• RECORDS:

——

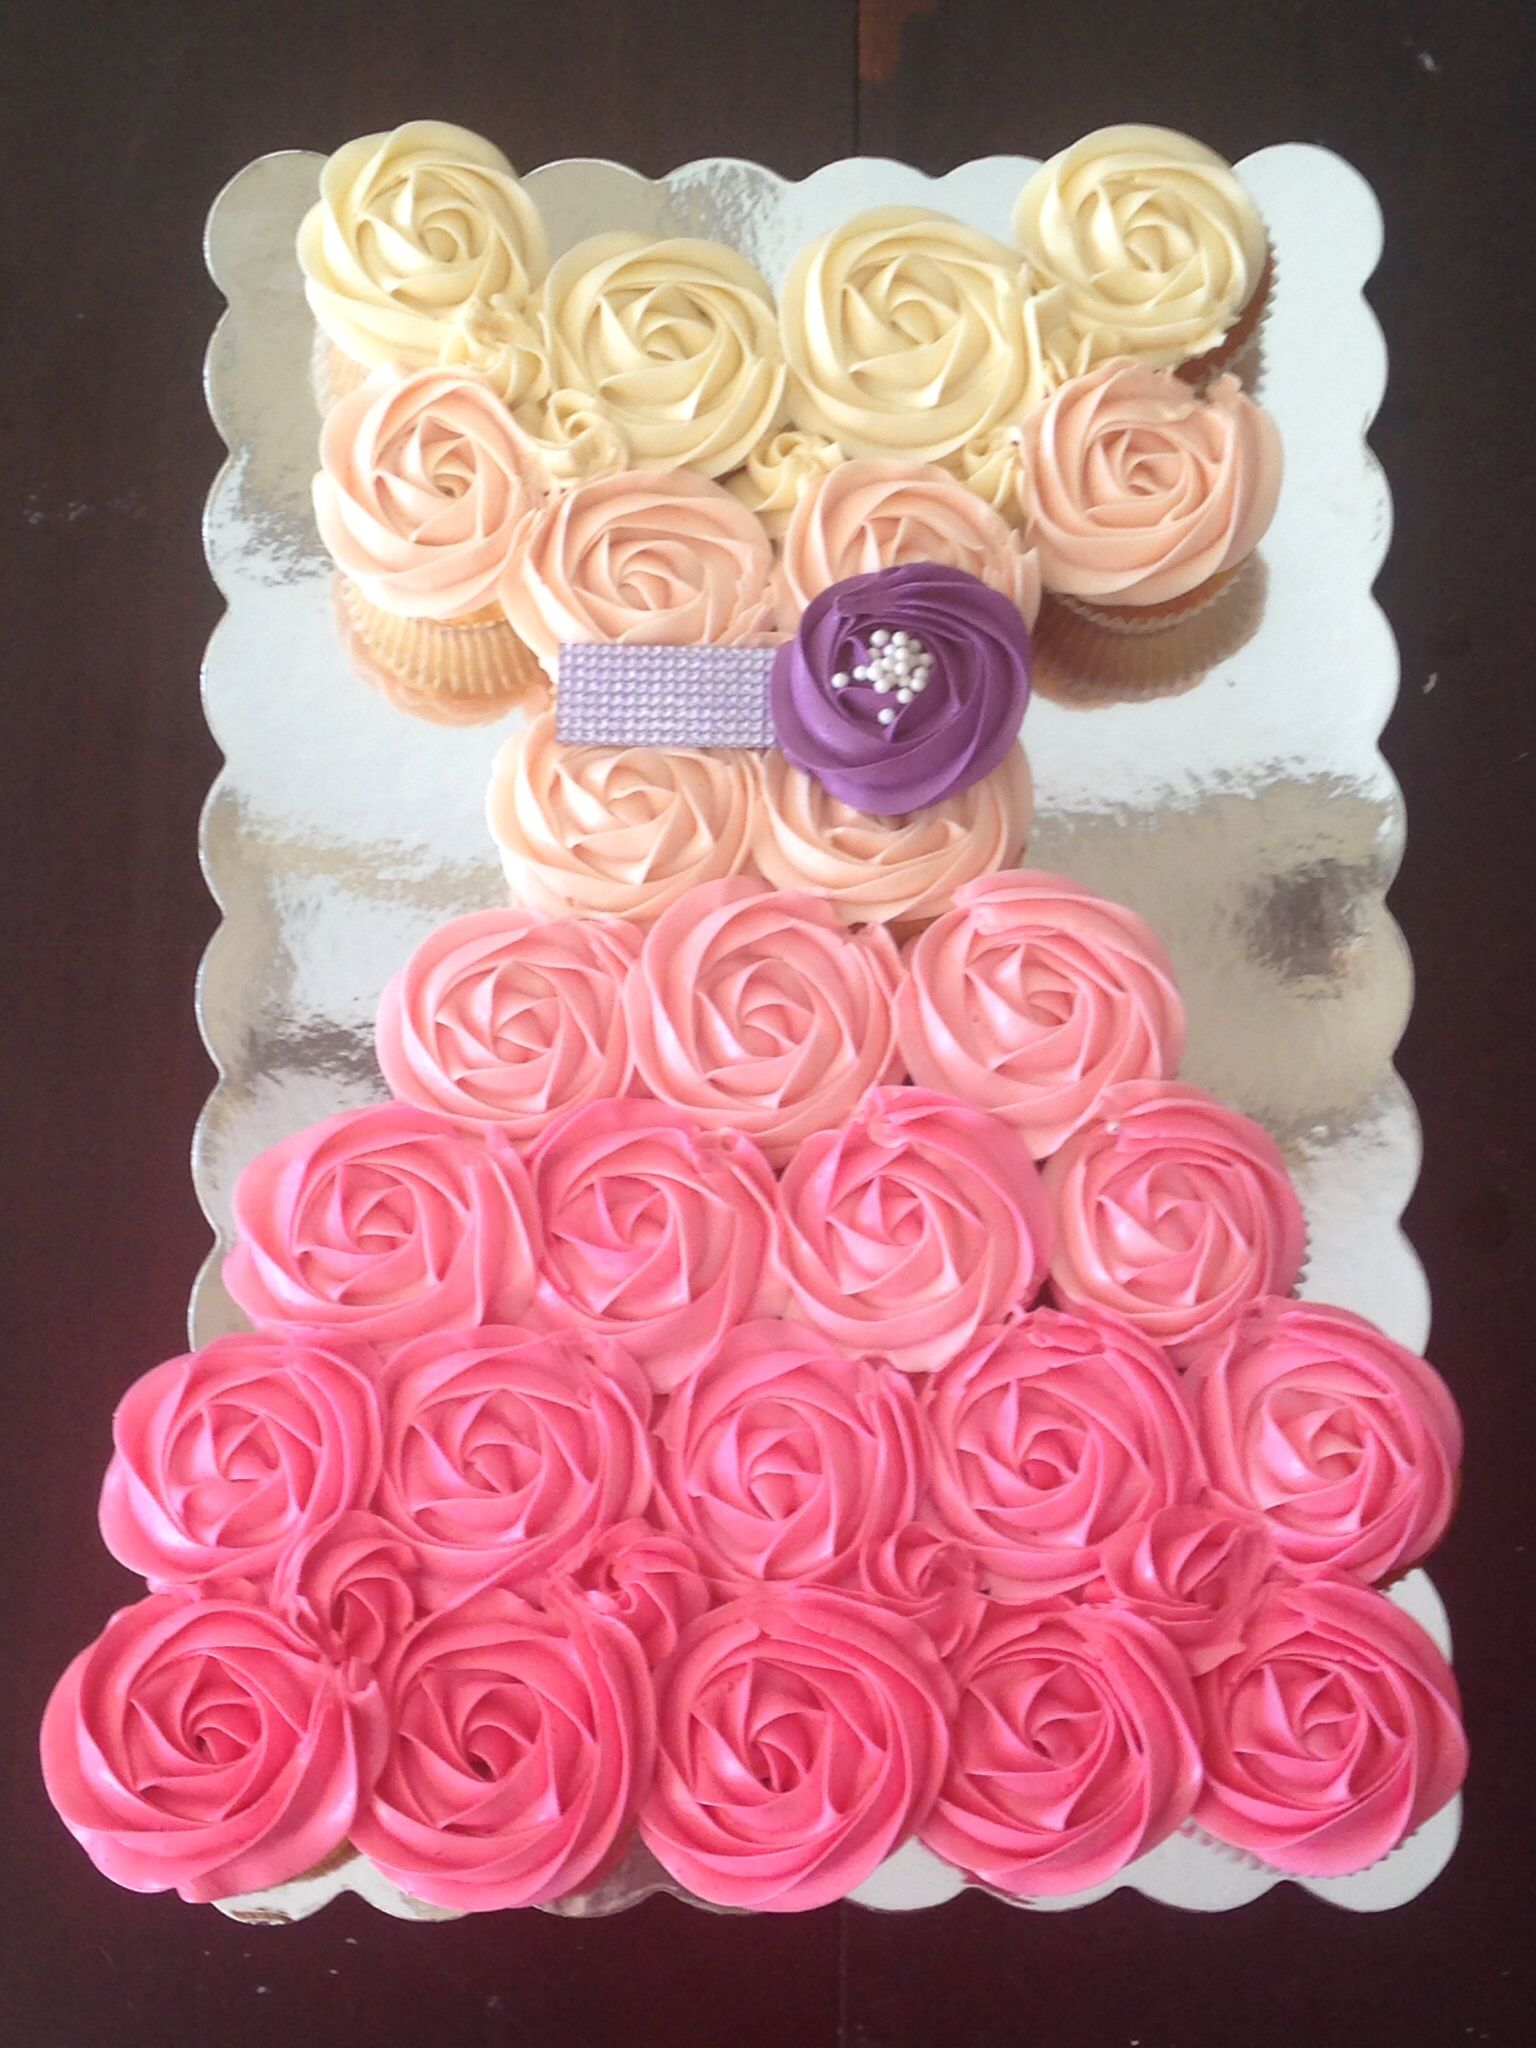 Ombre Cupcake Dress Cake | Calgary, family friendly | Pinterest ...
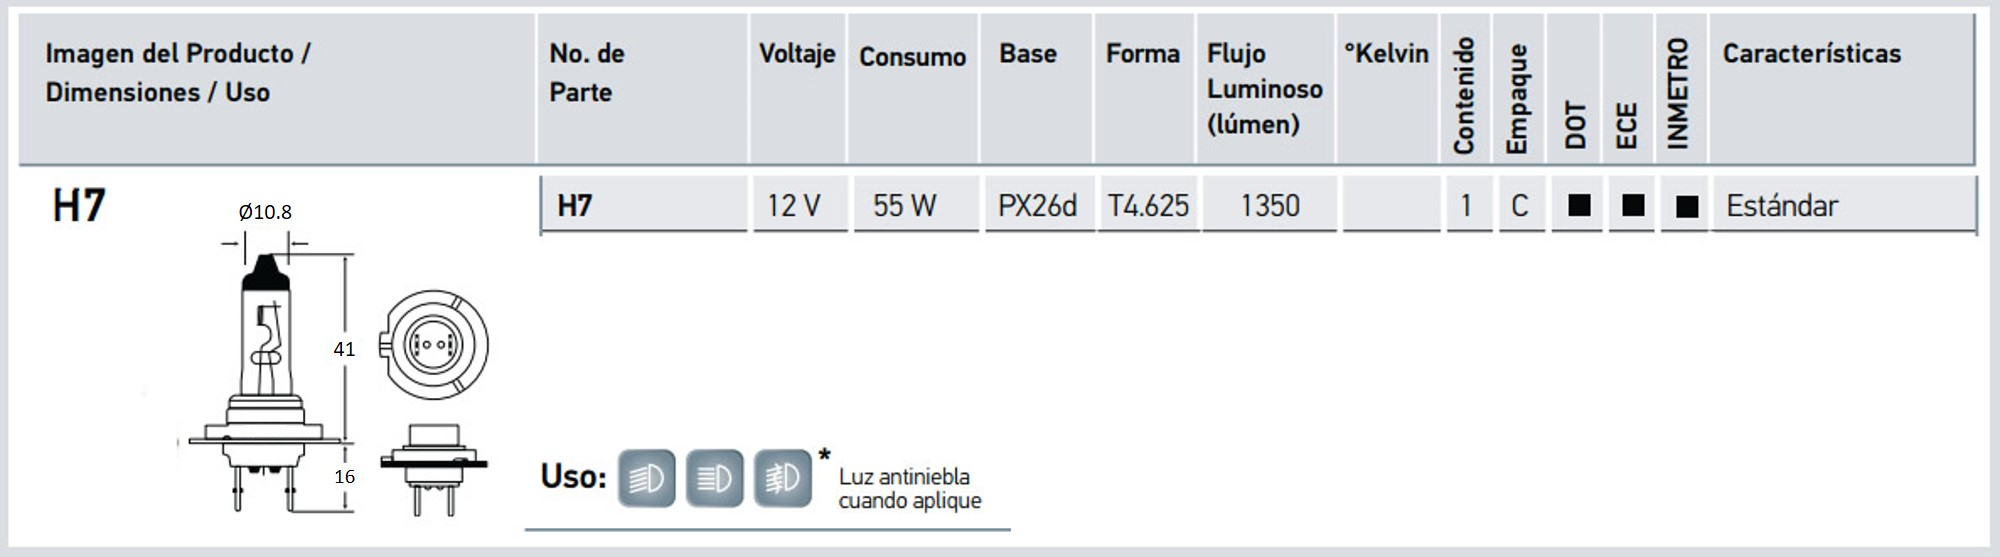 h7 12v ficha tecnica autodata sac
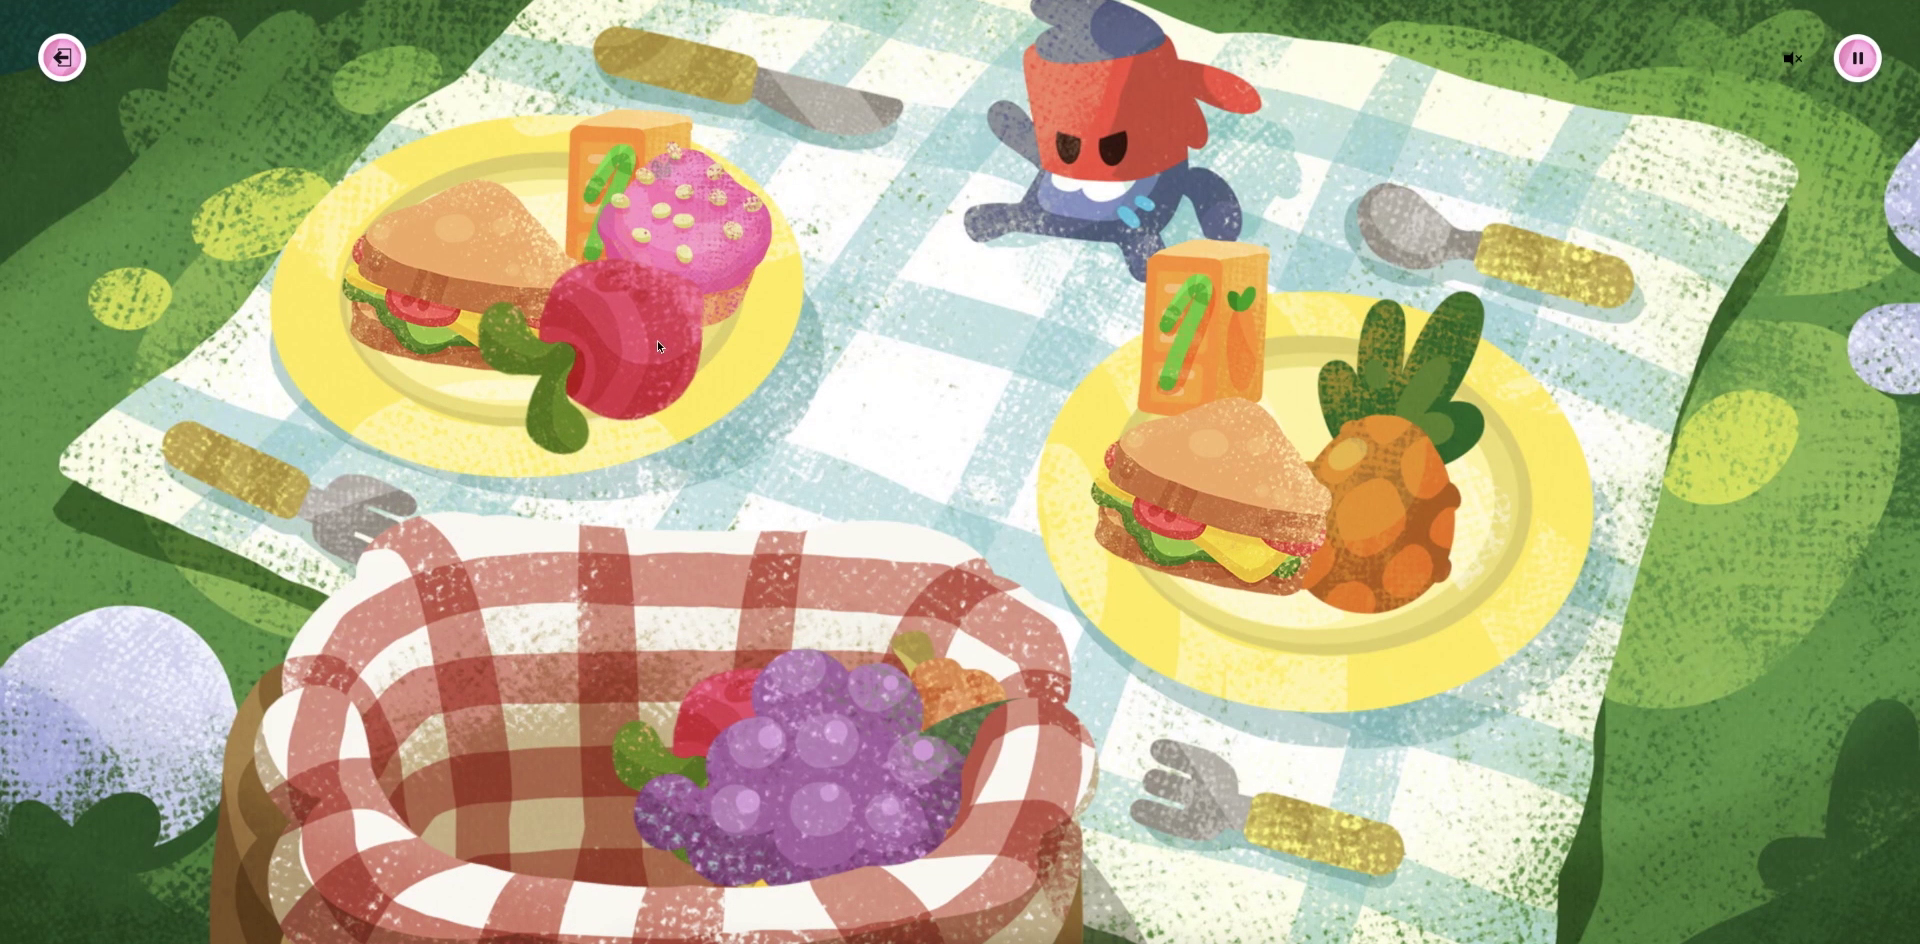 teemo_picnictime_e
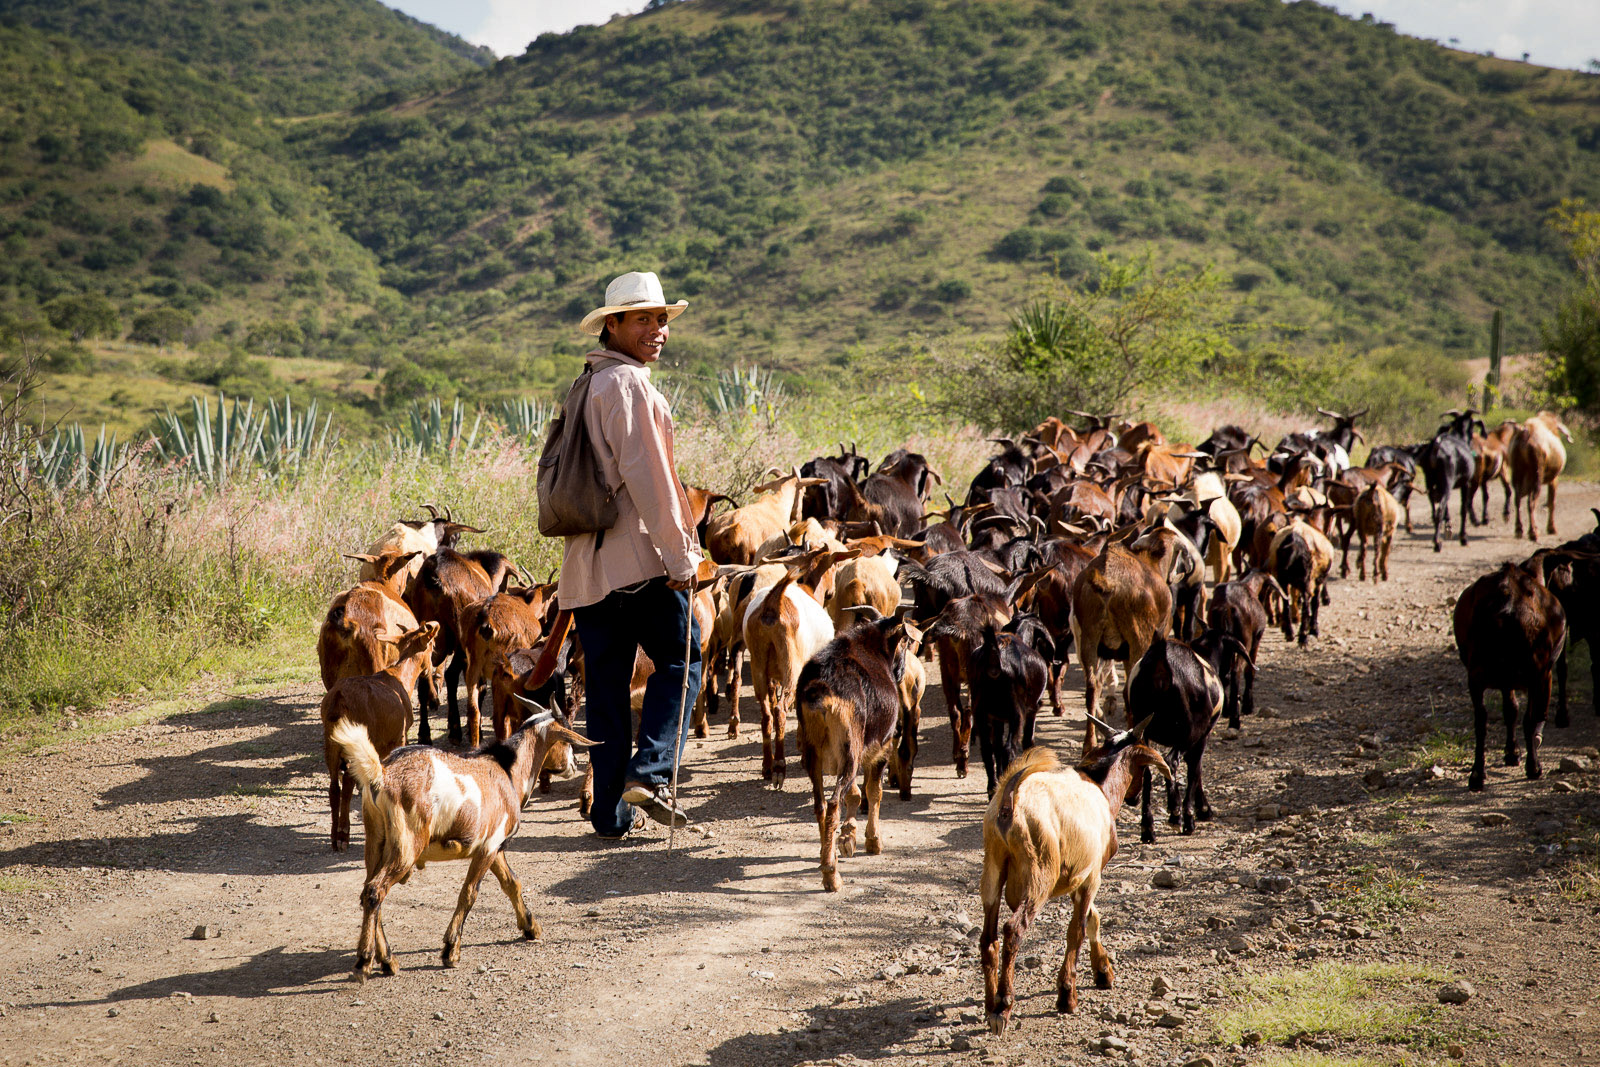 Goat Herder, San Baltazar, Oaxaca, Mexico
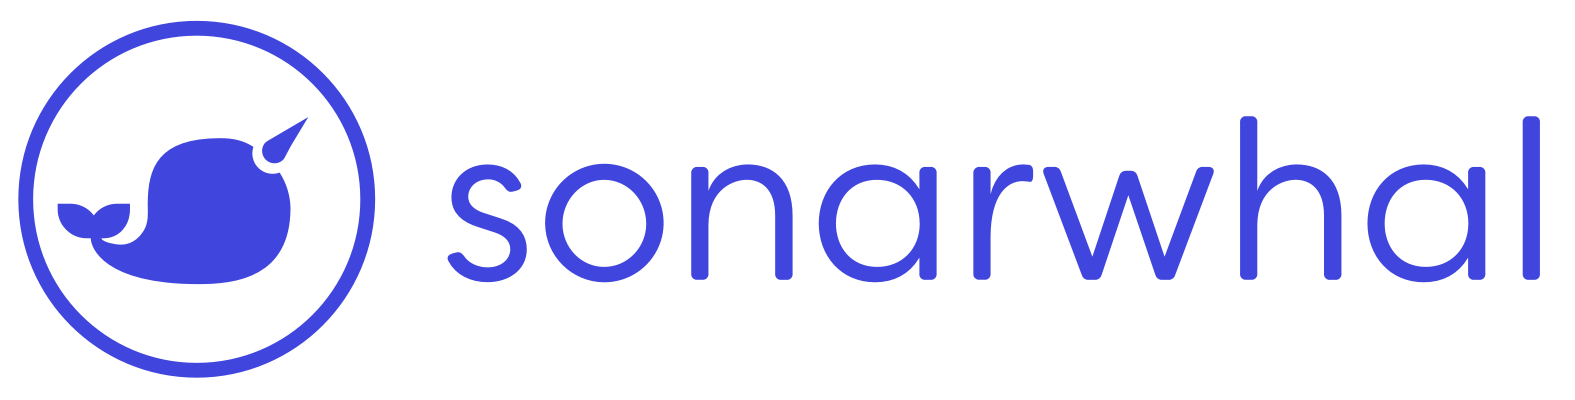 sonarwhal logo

——

• DIRECTIONS: One exact copy of the data, no pictures: write it out line for line.

• RESPONSE FOR THIS EXERCISE:
 Ombre Cupcake Dress Cake | Calgary, family friendly | Pinterest ...
 h7 12v ficha tecnica autodata sac
 teemo_picnictime_e
 Goat Herder, San Baltazar, Oaxaca, Mexico
 sonarwhal logo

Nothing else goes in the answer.